Arts are the vanguard for change in so many ways. I think about the “controversy” over naming our schools after slave owners. For me it’s not a controversy, we need to create a culturally-relevant system of heroes and civic identity. You know where that starts? Murals in the mission, street theater with the Mime Troop, and café life in North Beach. I’ve been involved in these efforts – I’ve worked with the Mime Troop, painted with Calle 24, and worked to keep the Roxie theater open. Art brings people together but more importantly, operates outside the system of power that more often than not is keeping down, whether directly or institutionally-disguised silence – those very populations I teach in my classroom and are the focus of any social justice-minded school board commissioner.

How will you ensure that San Francisco’s historically underserved communities are able to access the full benefits of the arts and resources for creative and community expression?

Again, I think transparency is needed in the SFUSD. There are schools with supplemental budgets and activism parent that arrange for field trips, class visits, and extra materials to be donated to the schools. That’s great. I applaud all activism at all levels. But as a District I think we need to be more aware and more public about these types of discrepancies. Advocacy, political pressure for extra funding, and public-private partnerships will follow. As the only public school teacher on the ballot this fall I am keenly aware of the opportunities and challenges activating the creative potential of our city. I take students to the Asian Art museum (free) and arrange for silk screen lessons at the Mission Cultural Center. As a board member for my neighborhood association, we partnered with local businesses and schools to create fun art walks. That type of activism and that experience as a front-line arts-invested educator I think will make me a good voice for making sure that not only are the arts an crucial part of SFUSD’s students’ experiences but that ALL students are accessing those opportunities equally.

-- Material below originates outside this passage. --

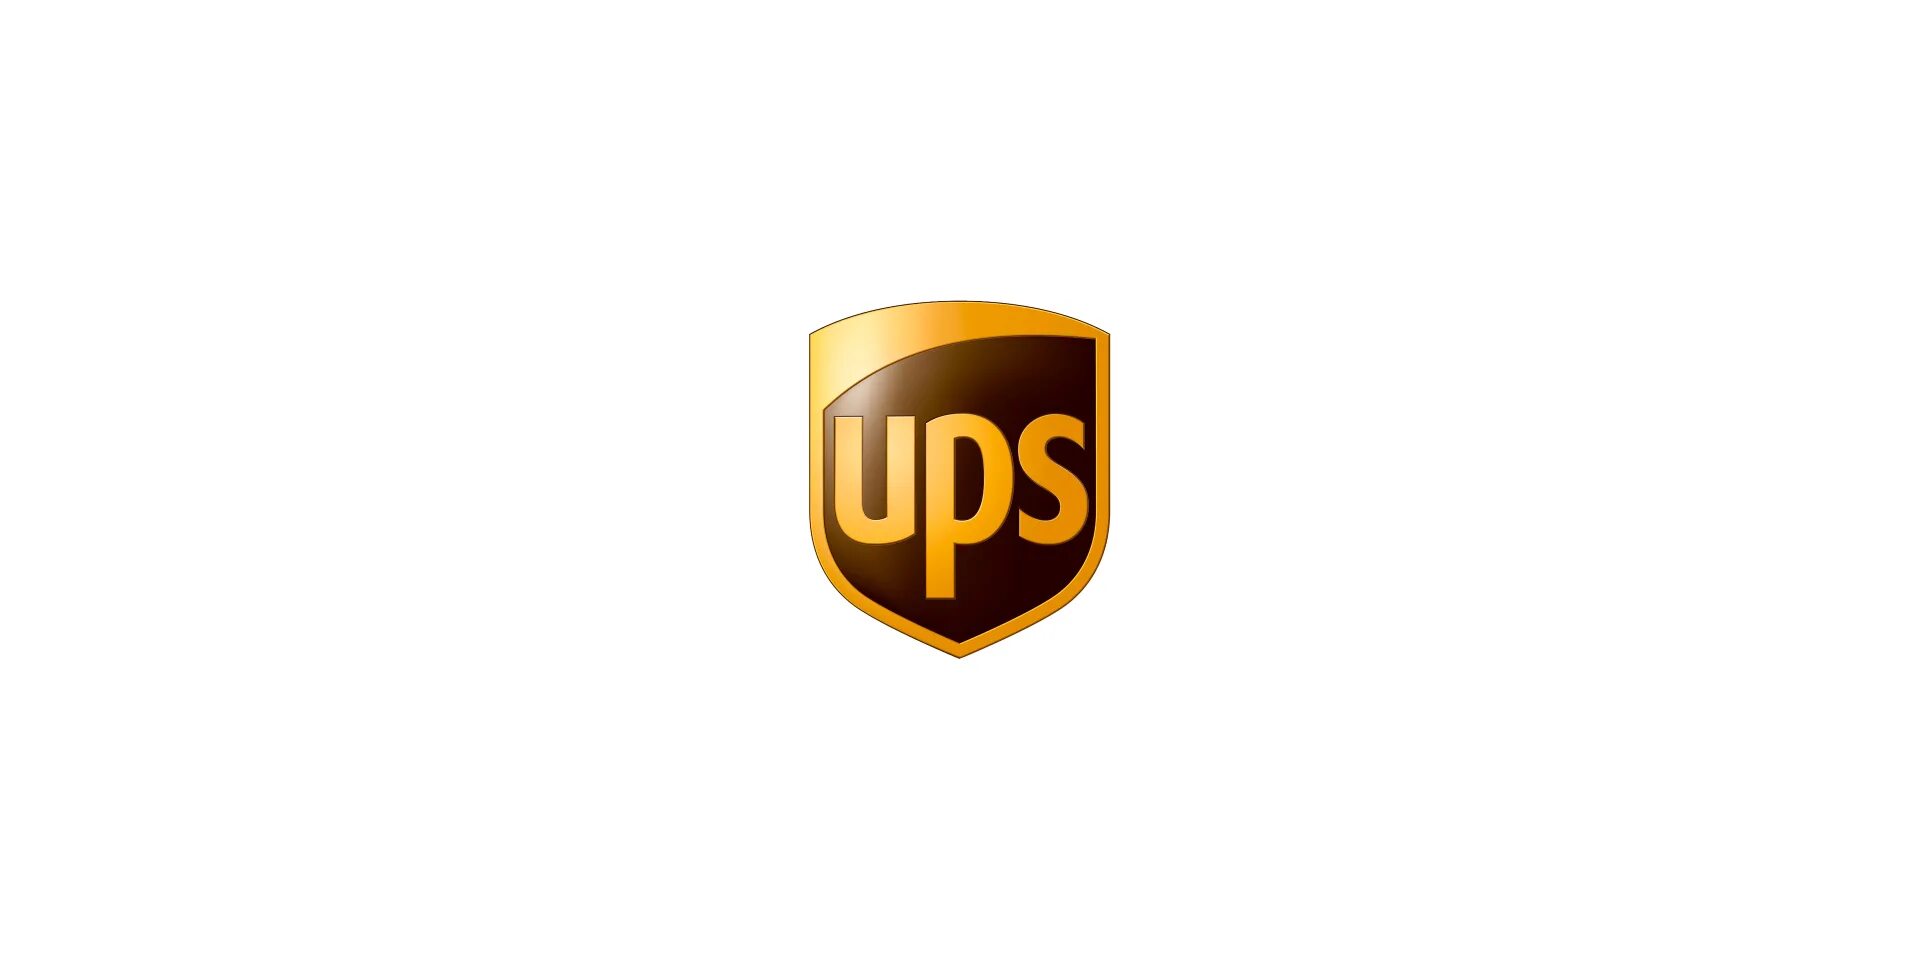 Ups logo. Ups logo PNG. Ups фирменный знак. United parcel service логотип. T me bank open ups

Over the past year the arts have been utilized to improve safety and protect the environment. For example, artist studios have activated vacant buildings. Murals have highlighted bike corrals and warned residents about the dangers of pollution. Name one or two ways you would leverage the work of artists and arts organizations to cultivate vibrant neighborhoods and achieve civic priorities.

I would require that in our school classroom scope and sequences that teachers needed to identify specific activities, partnerships, and resources that were replated to the arts. Project-based learning is also a professional development area I would push.

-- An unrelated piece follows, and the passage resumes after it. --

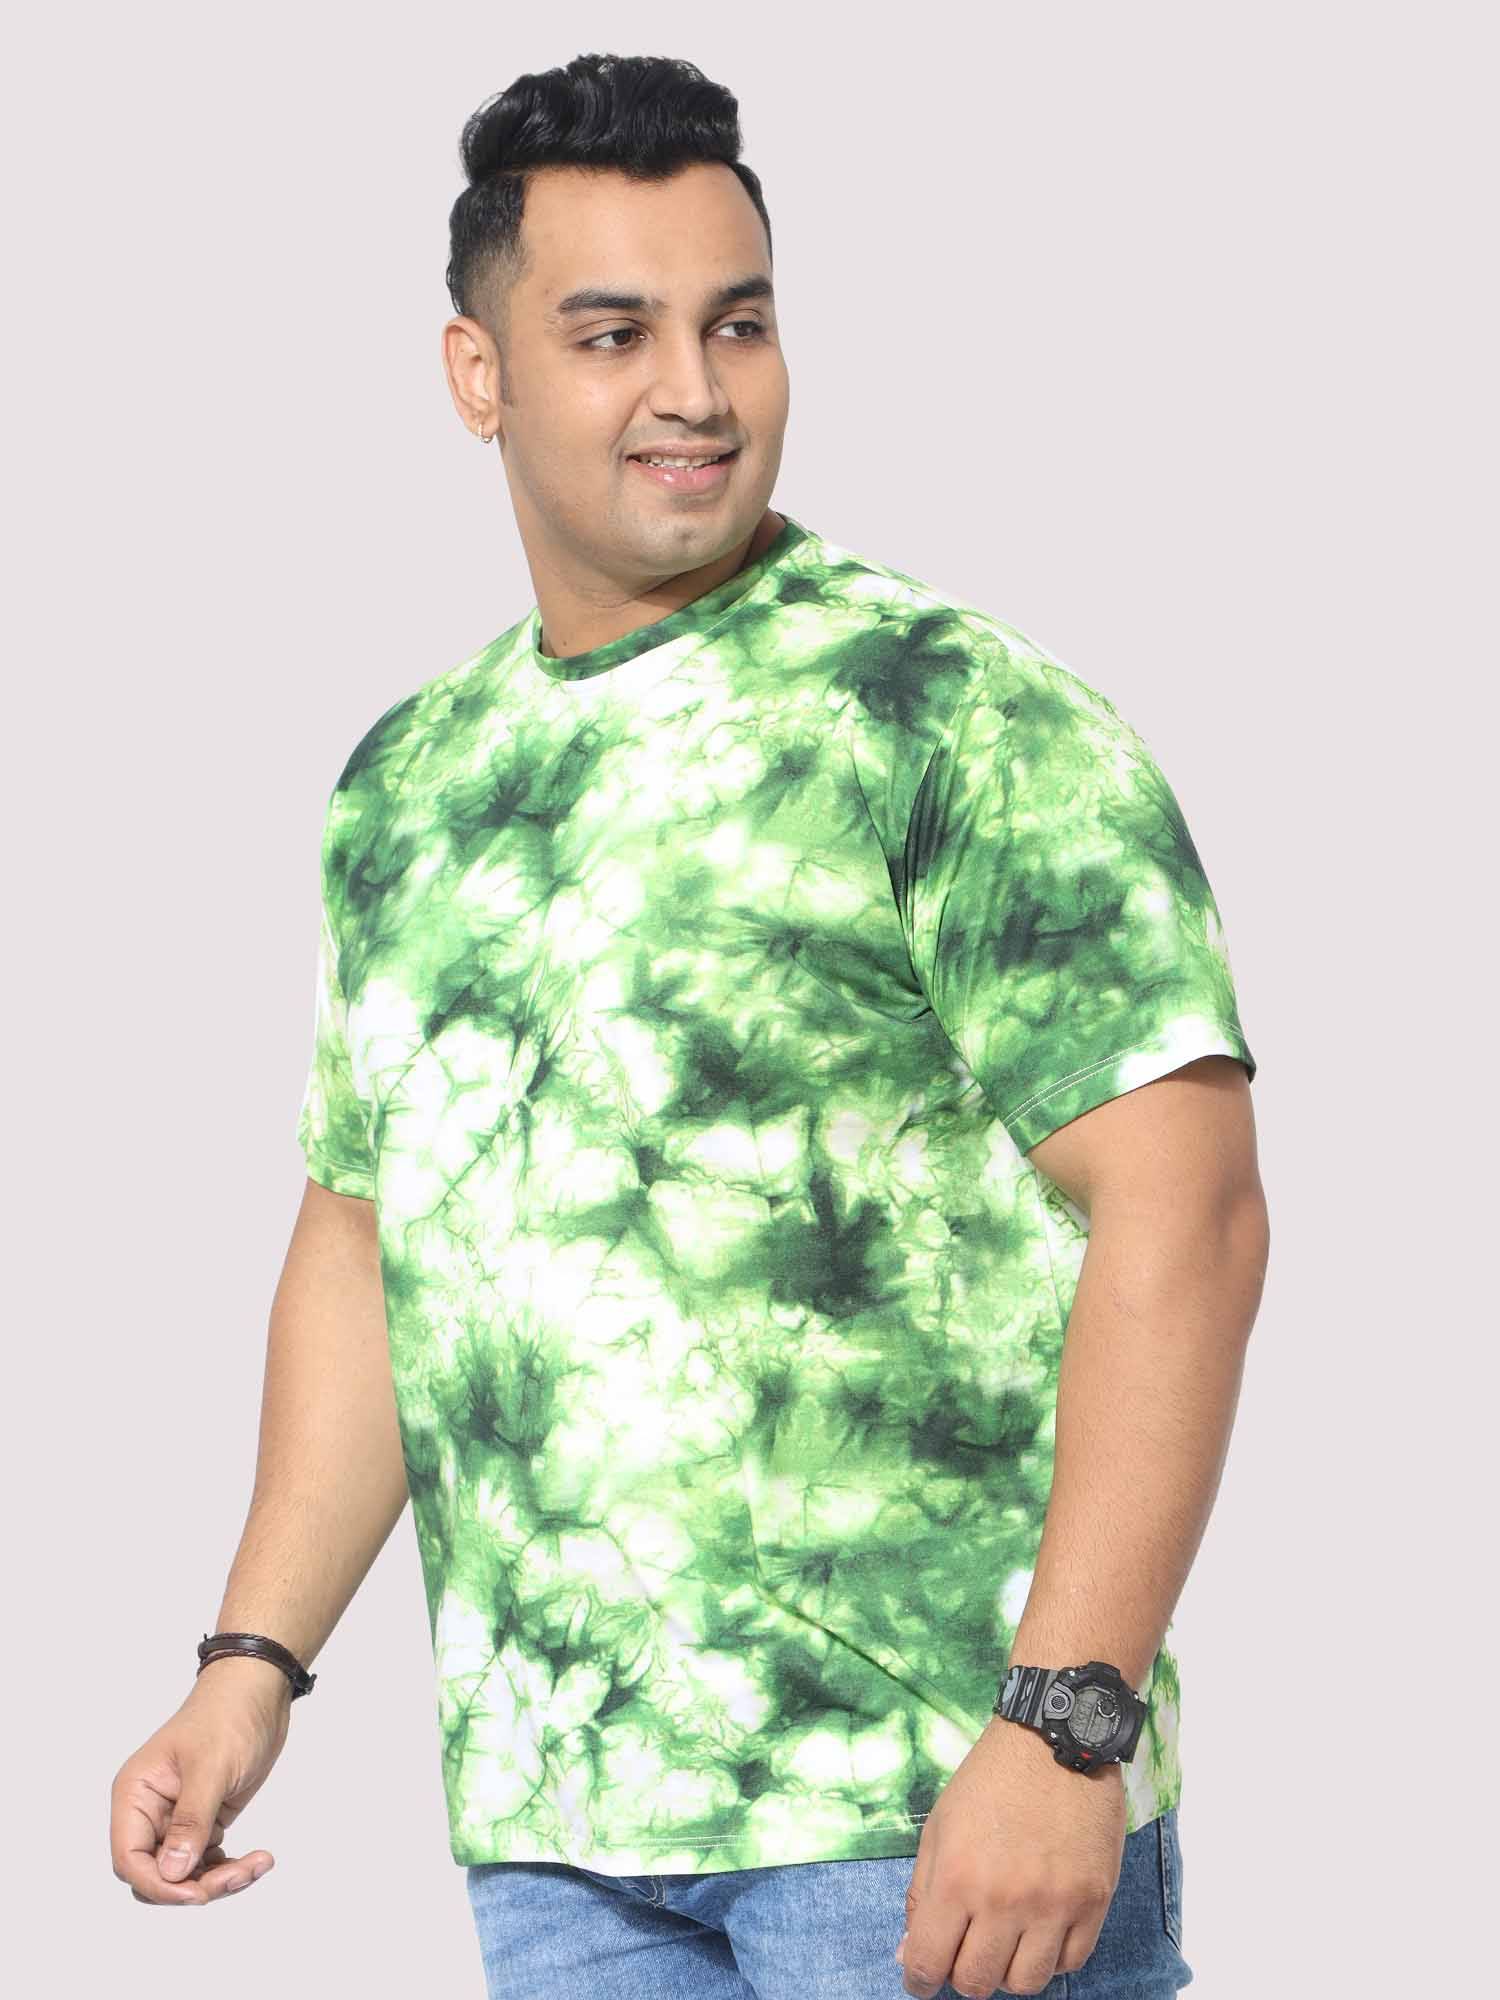 YoungLA Mens Tie Dye Green T-Shirt Short Sleeve Size Large 110/3

Every neighborhood in the city has a neighborhood or merchants association. I think as political members of the SFUSD the commissioners of the board of education and uniquely placed to help our schools and principals reach out to these associations. I am on the record as being in favor of an “adopt a school” approach where commissioners take special responsibility for a percentage of our schools and are that school’s advocate on the Board (mostly as a spokesman and support system, obviously we have to look out for the interests of all our schools and neighborhoods). This approach I think could leverage the keen outreach skills our elected Commissioners have with empowering schools to identify community partners they could work with on beautification, social justice, and community awareness campaigns.

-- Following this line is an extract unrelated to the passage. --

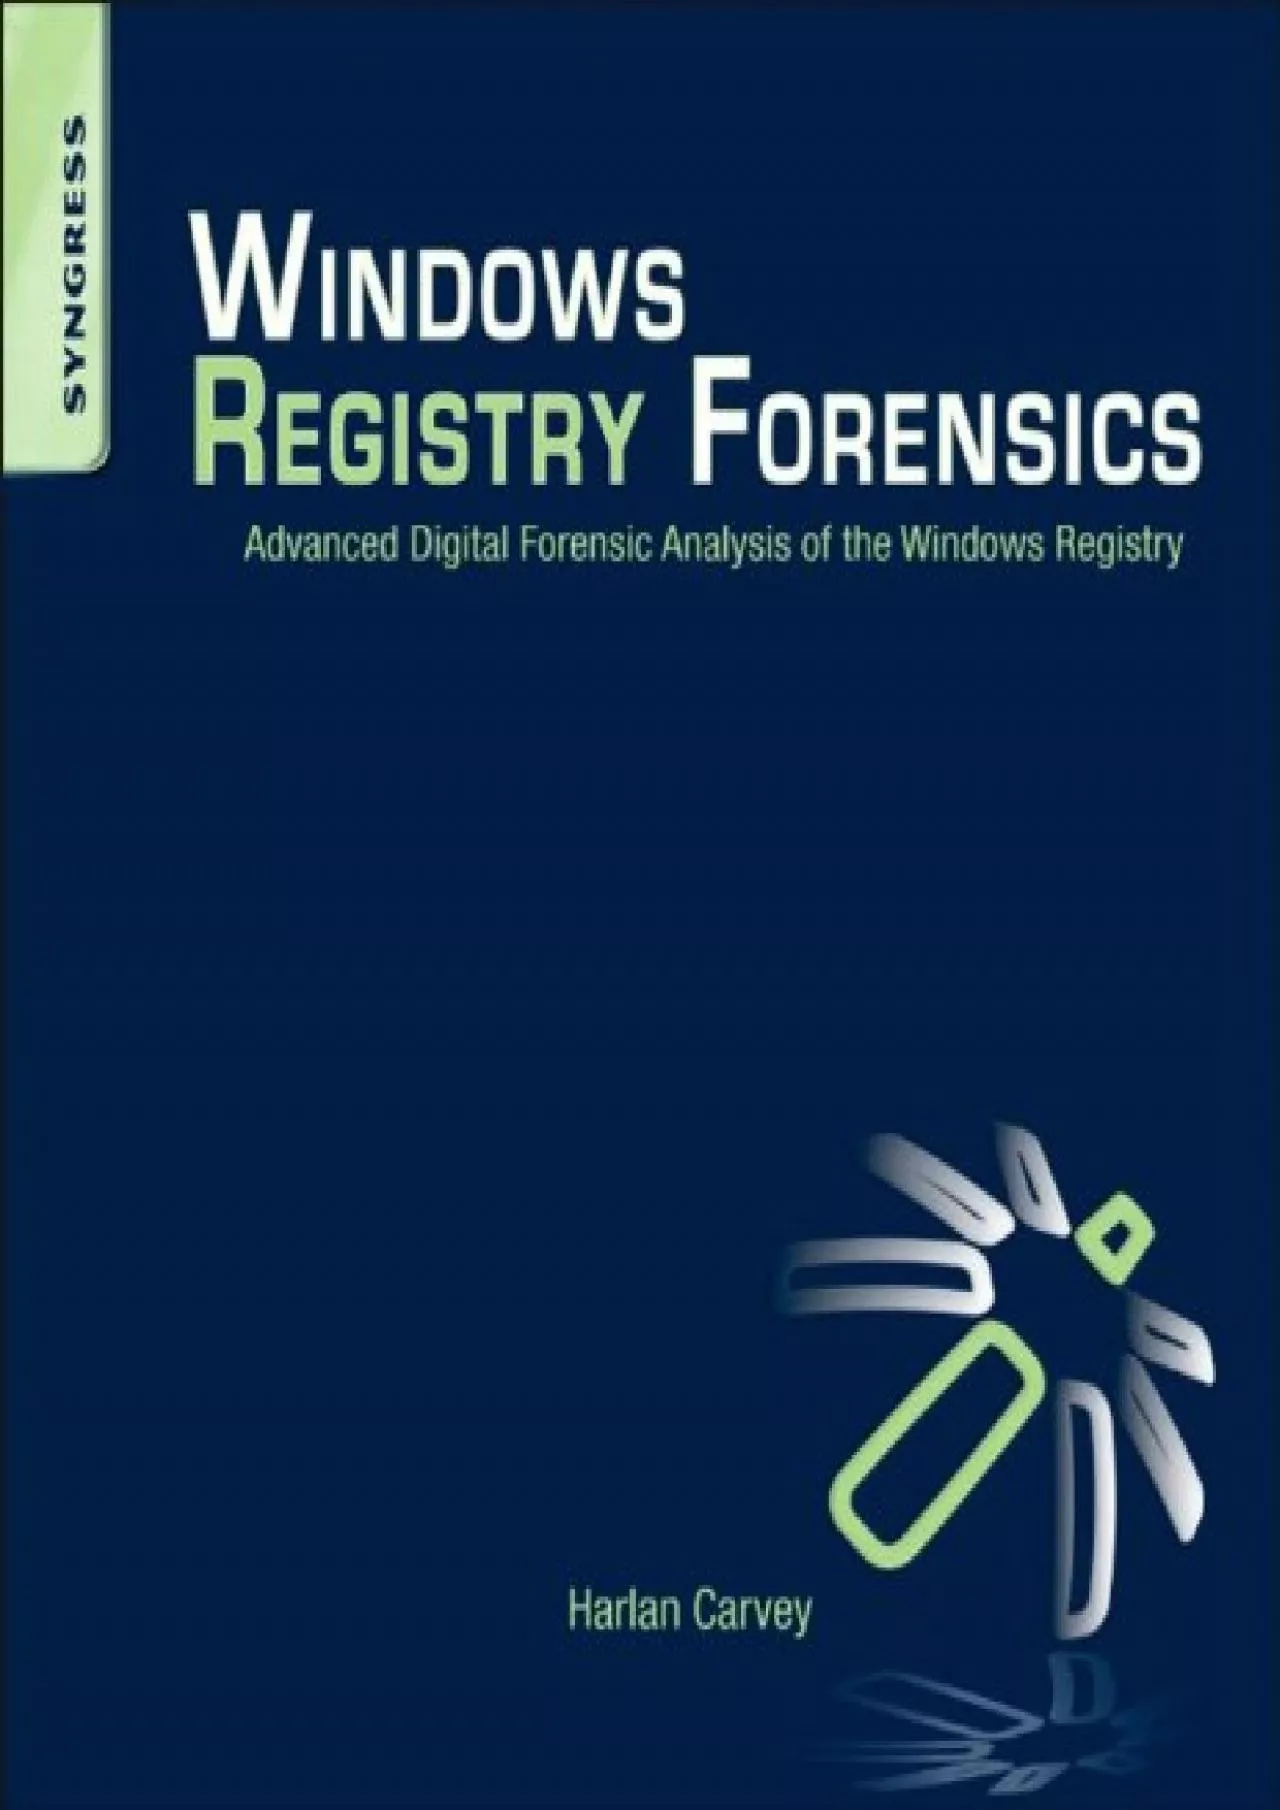 (EBOOK)-Windows Registry Forensics: Advanced Digital Forensic Analysis of the Windows

Research shows that students with an arts-rich education have better grade point averages, lower drop-out rates and score better on standardized tests in reading and math. How will you ensure every San Francisco student is provided a robust arts education in school and has access to ample opportunities to engage in art outside of school?

We need site-by-site breakdowns of the number of hours of arts-based learning and exploration that happens. The District touts it’s arts education but the experience of parents is different. I suspect the District is using the numbers of schools with robust fund-raising (often which goes to art and music electives) to boost their numbers. That’s why consistent transparency is so important and a major goal of mine if elected.

How can the SFUSD help retain our artists and arts organizations?

I am on record as being the pro-teacher affordability candidate. Aside from fully-funding arts programing, as a union rep and the only public school teacher on the ballot I am confident that I would represent the strongest pro-teaching platform that puts the recruitment and retention of front-line teachers the number one stated and acted on priority of the Board of Education.

Do you support the SF Arts and Families Funding Ordinance, restoring allocations of some Hotel Tax revenues to the City’s arts agencies and resources to prevent family homelessness?  Why or why not?

Yes. I’ve been active with the SF arts commission (mostly in-roads with film and the Roxie theater) and support this.